Finalement, pour faciliter l'accès aux tribunaux et l'exercice des droits civils, le Conseil fédéral propose d’autres adaptations ponctuelles du CPC. Notamment, la simplification de la coordination de procédures – qui devrait aussi faciliter l’exercice collectif des droits, l’élargissement des dispositions d’application de la procédure de conciliation et une règlementation plus favorable au justiciable lorsque des actes sont remis à un tribunal ou une autorité qui n’a pas la compétence.

Ces réformes du code de procédure civile ont été mises en consultation jusqu'au 11 juin 2018.

Commentaire

La situation juridique actuelle pour la mise en œuvre du droit privé en Suisse va totalement à l’encontre du droit d’accès au tribunal garanti par la Constitution (art. 29a Cst.) ainsi que du droit à un procès équitable en vertu de l'art. 6 CEDH. Il ne peut pas être question de protection juridictionnelle effective lorsque l'application du droit est prohibitive pour une grande partie de la population.

Il n'existe pas de recette miracle pour éliminer les obstacles procéduraux décrits.
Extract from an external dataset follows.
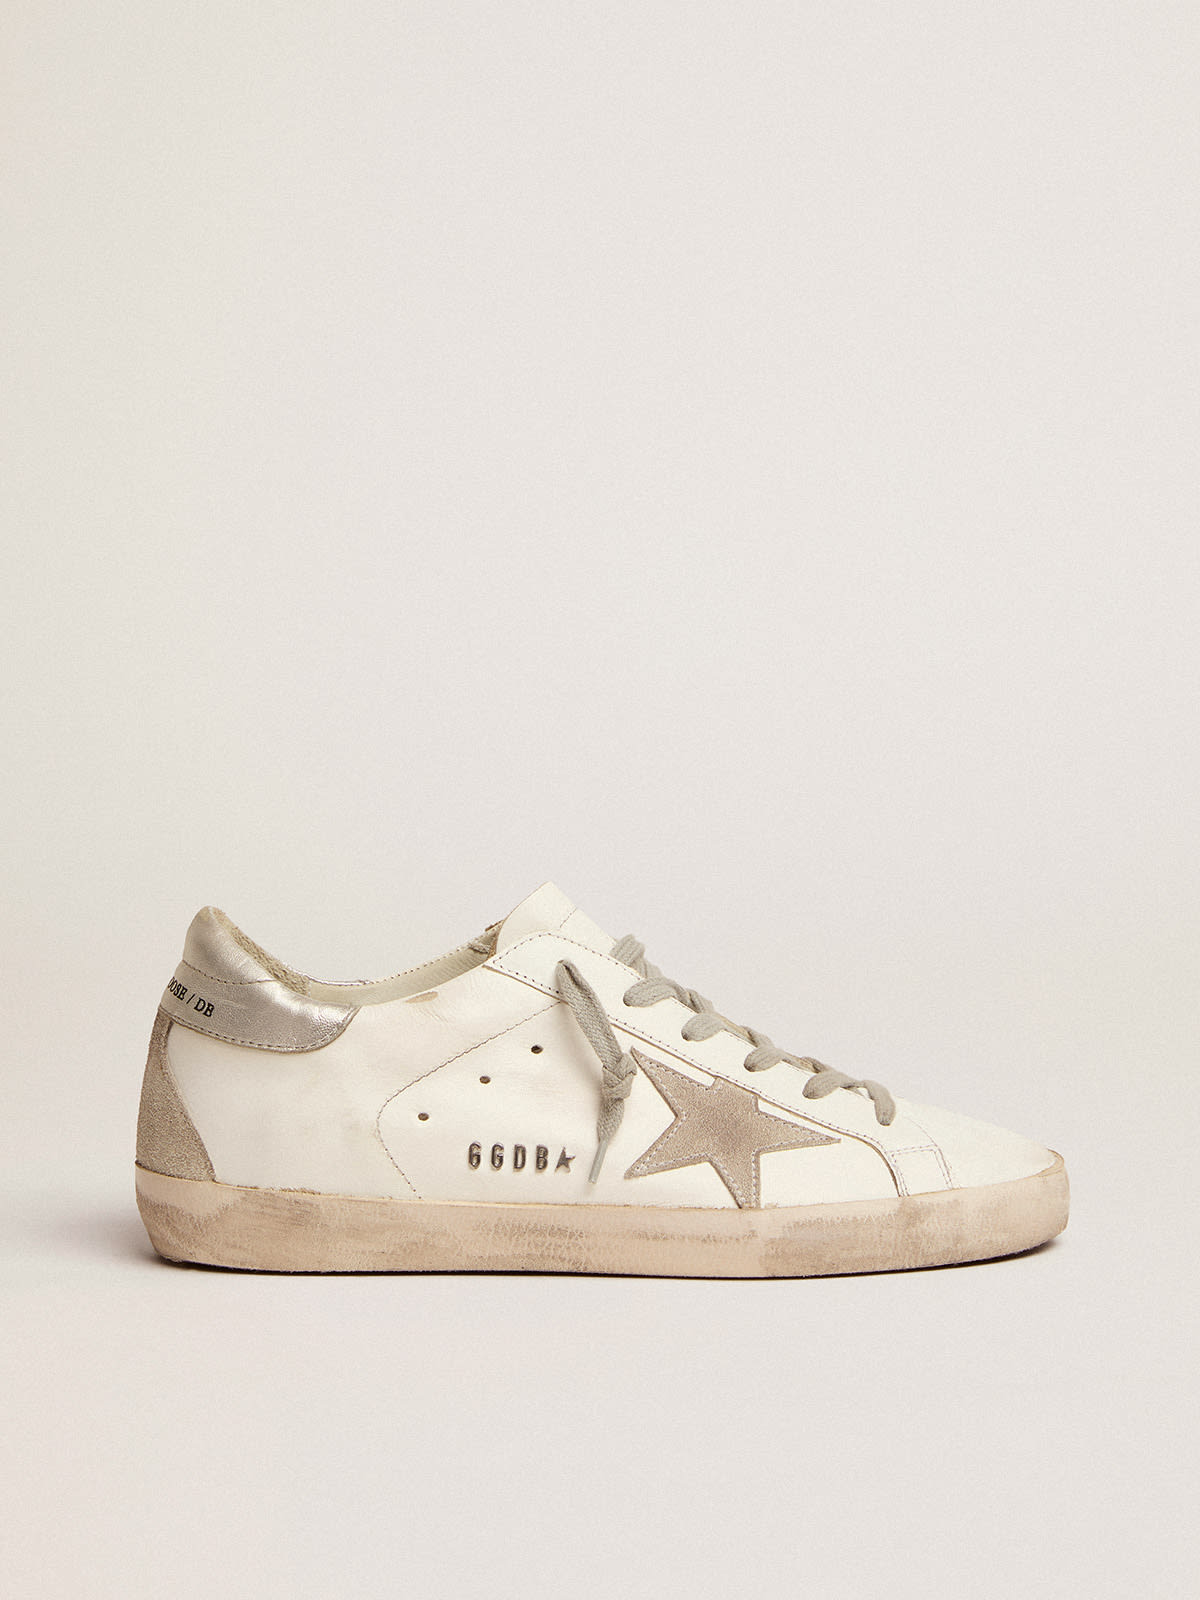 Ciro each delicate Women's Super-Star sneakers with silver heel tab and metal stud lettering |  Golden Goose

Plusieurs auteur-e-s ont toutefois signalé quelles mesures concrètes devaient être prises pour que l'accès à la justice ne soit plus garanti uniquement sur papier. Les autorités et les politicien-ne-s sont invité-e-s à apporter ces ajustements juridiques nécessaires.

La question des coûts a déjà été sujette à controverse lors des travaux consacrés au CPC. Les cantons ont clairement statué qu’il ne fallait pas subventionner davantage l’appareil judiciaire et qu’il n’appartient pas en premier lieu à l'État de financer le règlement des différends entre privés. Il convient de rappeler que la mise en œuvre d’une protection juridictionnelle effective représente un pilier de l’État de droit, dont le but est, entre autres, d'empêcher les citoyen-ne-s d’exercer l'application de leurs droits au moyen d'une justice vigilante. Si pour des raisons financières l'Etat sape ce service public il va menacer tôt ou tard la paix juridique.